Most helpful comment

I'm also having this issue.
Tested on:

discord.js version: Master branch (ae72690)
Node.js version: v11.9.0, npm v6.7.0
OS: Ubuntu 18.04.1 LTS (GNU/Linux 4.15.0-42-generic x86_64)
Priority: Breaks usability entirely, but it's personally on a feature branch. Overall, critical.

TobiTenno on 6 Feb 2019

👍2

All 13 comments

I'm also having this issue.
Tested on:

discord.js version: Master branch (ae72690)
Node.js version: v11.9.0, npm v6.7.0
OS: Ubuntu 18.04.1 LTS (GNU/Linux 4.15.0-42-generic x86_64)
Priority: Breaks usability entirely, but it's personally on a feature branch. Overall, critical.

TobiTenno on 6 Feb 2019

👍2

Update, i got a link from a generous person over in the support server to an earlier branch that does not have this issue
discordjs/discord.js#01476de58250761ffe5eedc9ee6c9782576ca043

When using this to install master, the problem is not present.

Holo-Buckshot on 6 Feb 2019

👍1

@Holo-Buckshot This leads me to believe the "internal sharding" feature broke it, or at least causes issues

TobiTenno on 6 Feb 2019

@TobiTenno Yes this is the thought process of the one who gave me that link as well.

Holo-Buckshot on 6 Feb 2019

I have a copy working and able to log in with a single shard at 8230255c68b94d68a4e8ffc559a98d08d1a08a7c

TobiTenno on 6 Feb 2019

I've had the same issue (#3021) and even the latest fix is still causing errors. I tried out the hash you said was working @TobiTenno and the same issue occured.

pizzafox on 1 Mar 2019

@pizzafox what i ended up noticing was that half of the shards would fail and timeout, so i reconfigured my shard manager to kill those, but not the cluster, and just retry those shards until they worked.

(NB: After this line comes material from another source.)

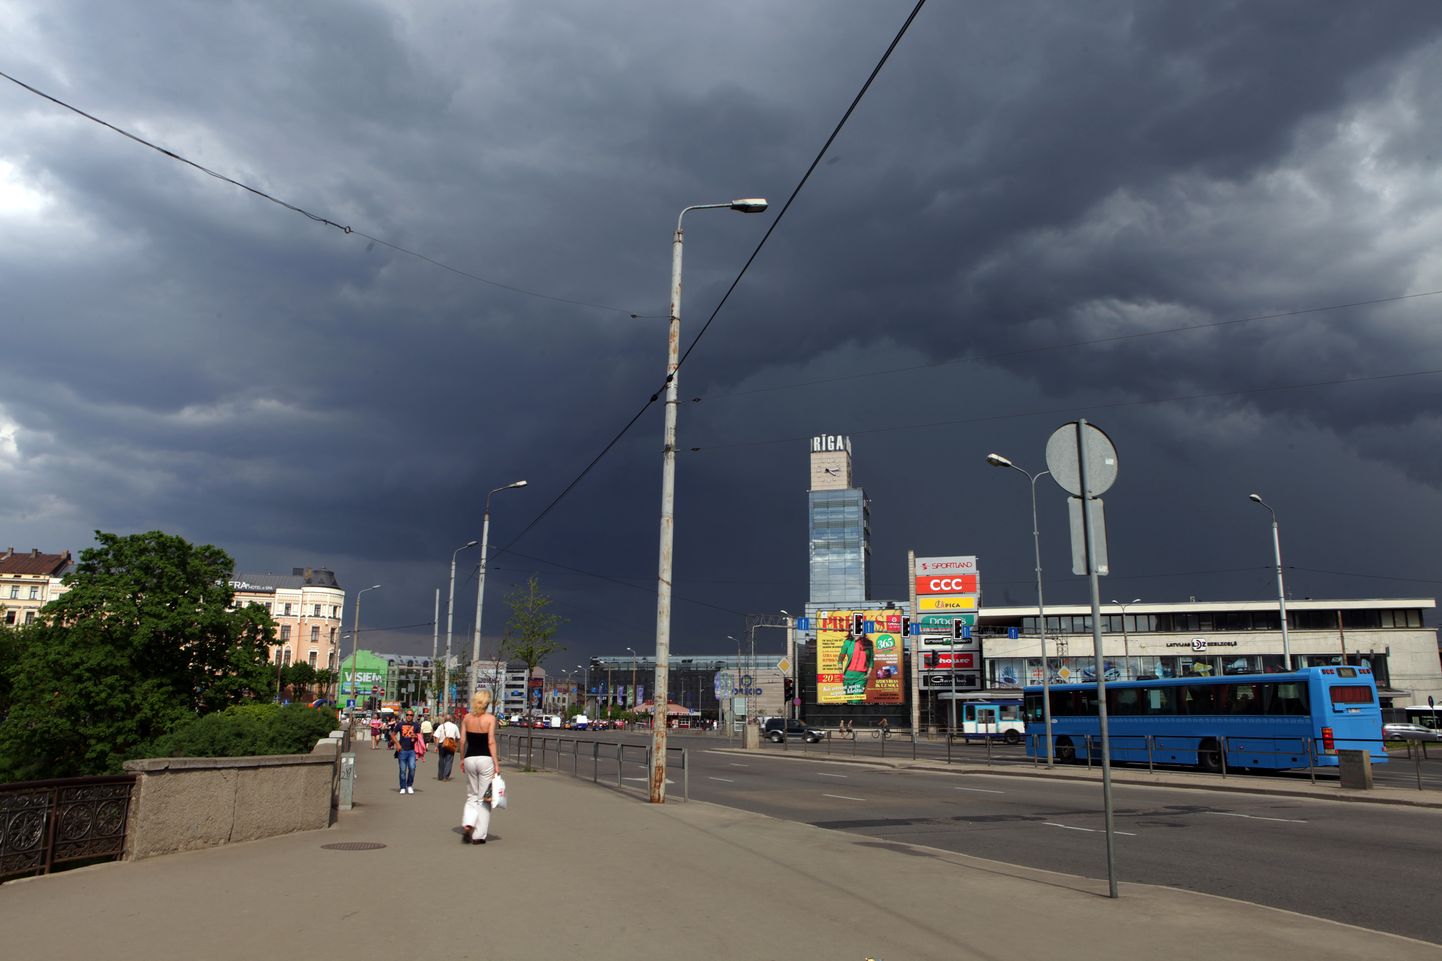 Rīgas centrs pirms negaisa.

Obviously, this is sub-optimal, but it worked on the most recent commits that i was on at the time, I haven't updated since then.

TobiTenno on 1 Mar 2019

To those running into the issue, I had experienced this as well and opened an issue for the perpetrator at https://github.com/discordjs/discord.js/issues/3028 (you can see in the line above the linked file that the WS_CONNECT_TIMEOUT is thrown from there). The problem is just as the title speaks, this 25 seconds timeout was given on the grounds of "it _shouldn't_ take longer", but my bot does take longer (up to a whole minute and a half per shard) and runs healthily afterward. This occurs on BOTH AWS m5.xlarge and some Digital Ocean mid tier instance so it's not just my internet connection. The temporary fixes I've applied are as follows:

discord.js/src/client/Client.js:
increase the "25e3" timeout number; OR
comment/delete "timeout" lines (ctfl+f for "timeout" and delete resultant lines/functions)

/discord.js/src/sharding/Shard.js
Line 136 : 30000 -> 180e3 (30 seconds to 3 minutes)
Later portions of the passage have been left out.